Anxiety shmanxiety
I was wide awake at 4 a.m. this morning anxious about my anxiety. The Klonopin just wasn’t cutting it last night.
I started thinking about my anxiety and how it all started for me as child: Fear of being abducted, never to return home again. (I often daydreamed as a child about being adopted, and that my kind, loving birth mother would come and take me away one day. Yeah, I know I’m fucked up. And that’s a different kind of abduction than the one I’m about to talk about.)
Anyway, I digress. It was 1981, and Adam Walsh had been abducted and killed in south Florida (not too far from where I lived at the time). His decapitated head was found floating down a river or canal or something. I was 8. I was terrified. Even in my young (crazy) mind, I wondered — with bile frothing in my throat — whether the kidnapper had cut off his head before or after his was dead.
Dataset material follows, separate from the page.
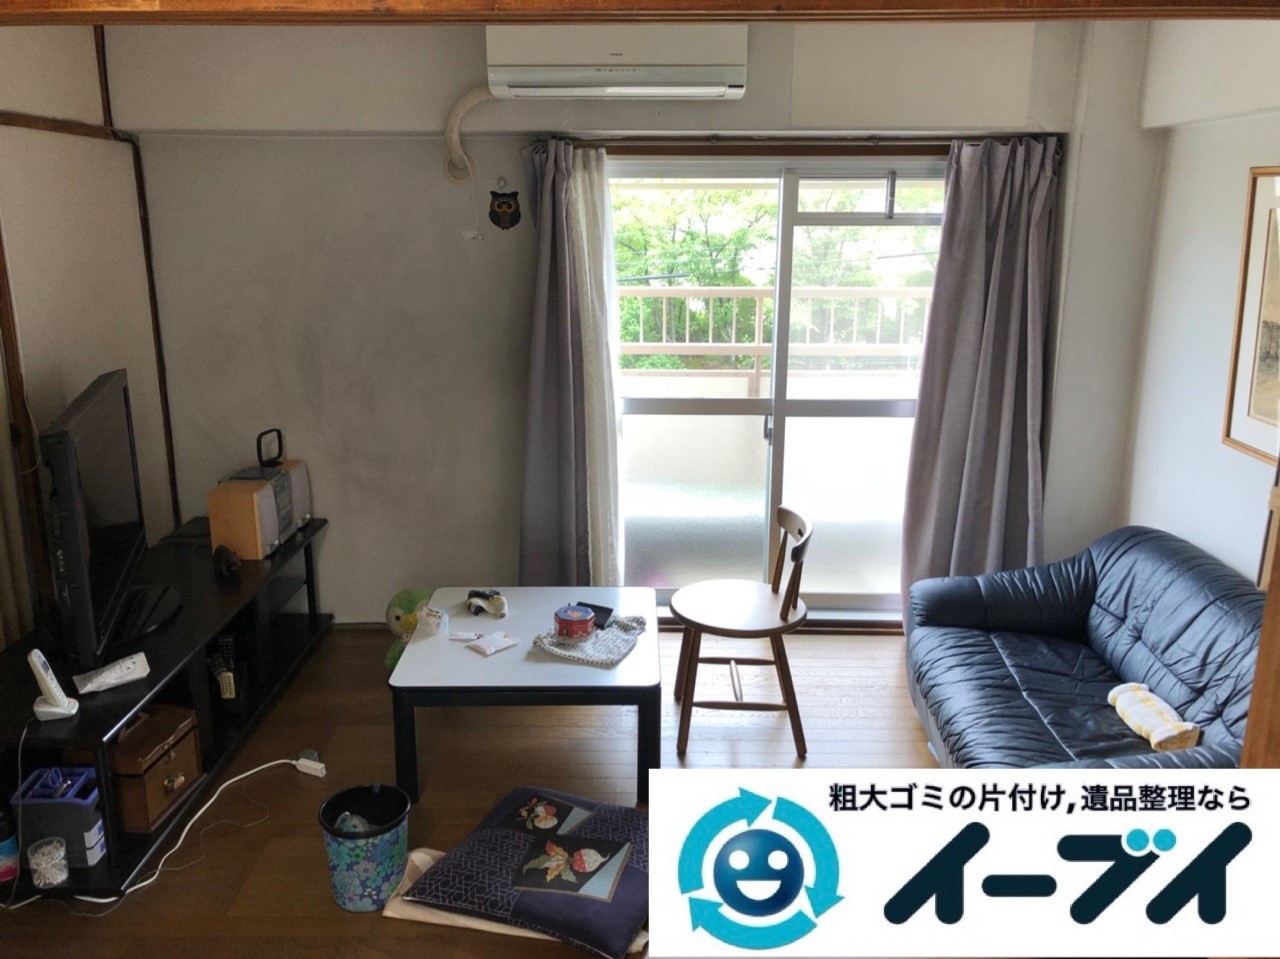 2018年12月7日大阪府大阪市港区で施設入居に伴い家財道具の処分片付け。写真4
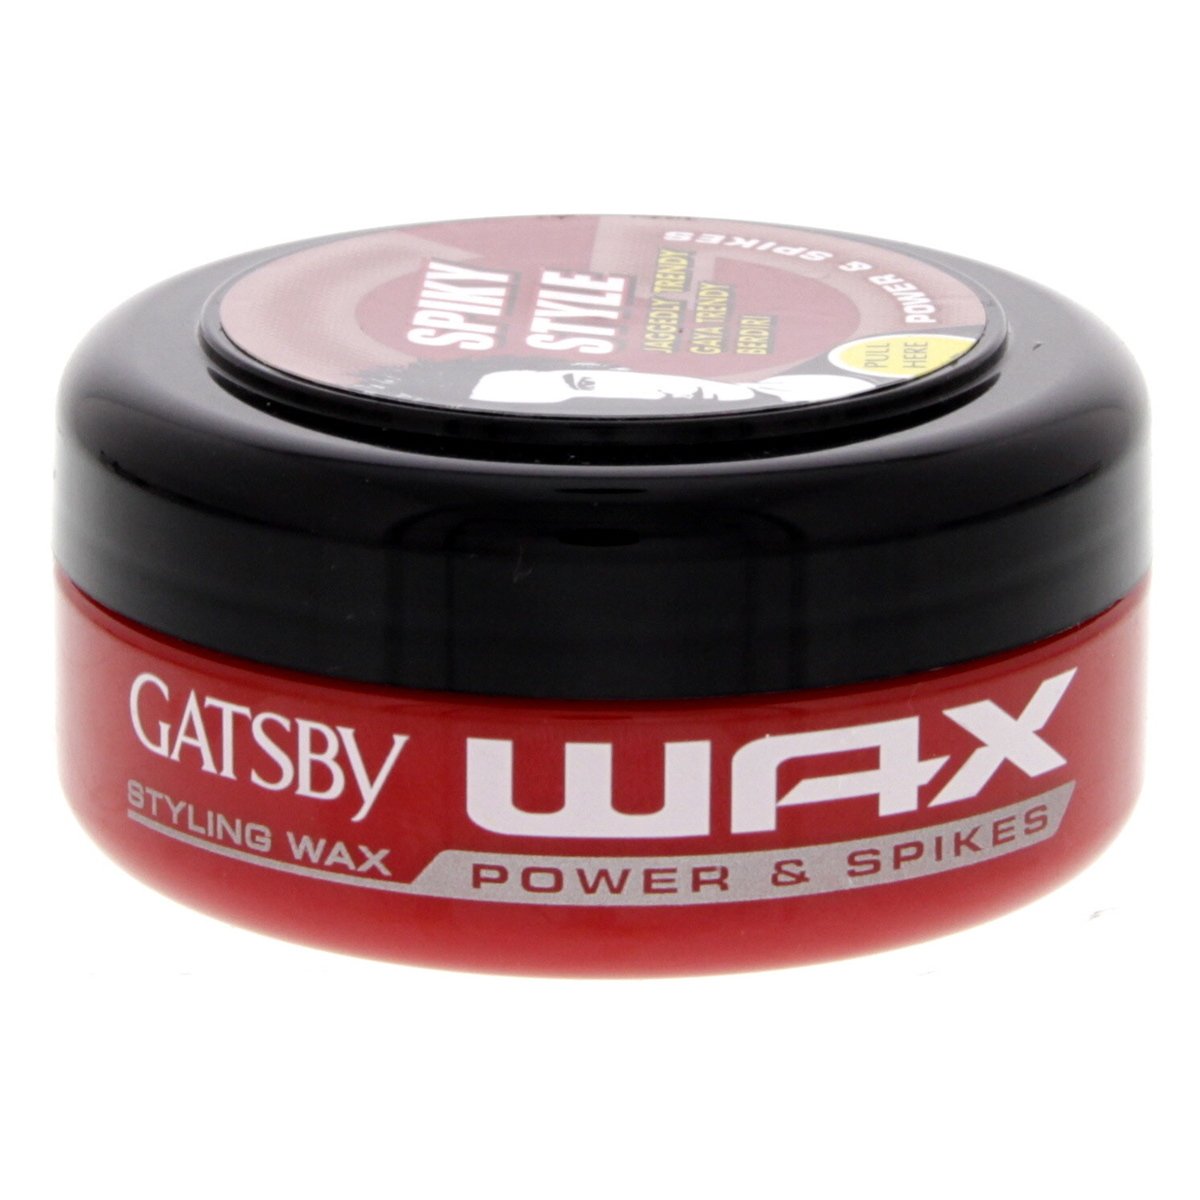 Gatsby Hair Wax Power & Spikes 75 g

And so started the first shades of anxiety in my life. I did not want to walk to school alone, fearful that I would end up chopped to bits and distributed into individual Ziploc baggies. Yet my mother insisted I walk, deeming the car riders “lazy.” It was not a long journey in retrospect: when I go home to visit, I chuckle at how close my old elementary school is to my house. A third of mile, perhaps? But in the mind of a kidnapper-phobic 8-year-old, it was a 25-mile hike through dark alleys filled with leering men.
Prior to leaving for school each morning, my mother insisted on a good, hearty breakfast. “You can’t have a good day without a good breakfast” was her motto, force-feeding me eggs and cream of wheat, which would end up in piles of barf on the floor. That’s how upsetting my walks to school were: I literally made myself sick in anticipation.
Disturbed by my daily breakfast regurgitation, she took me to several doctors to determine the physical cause.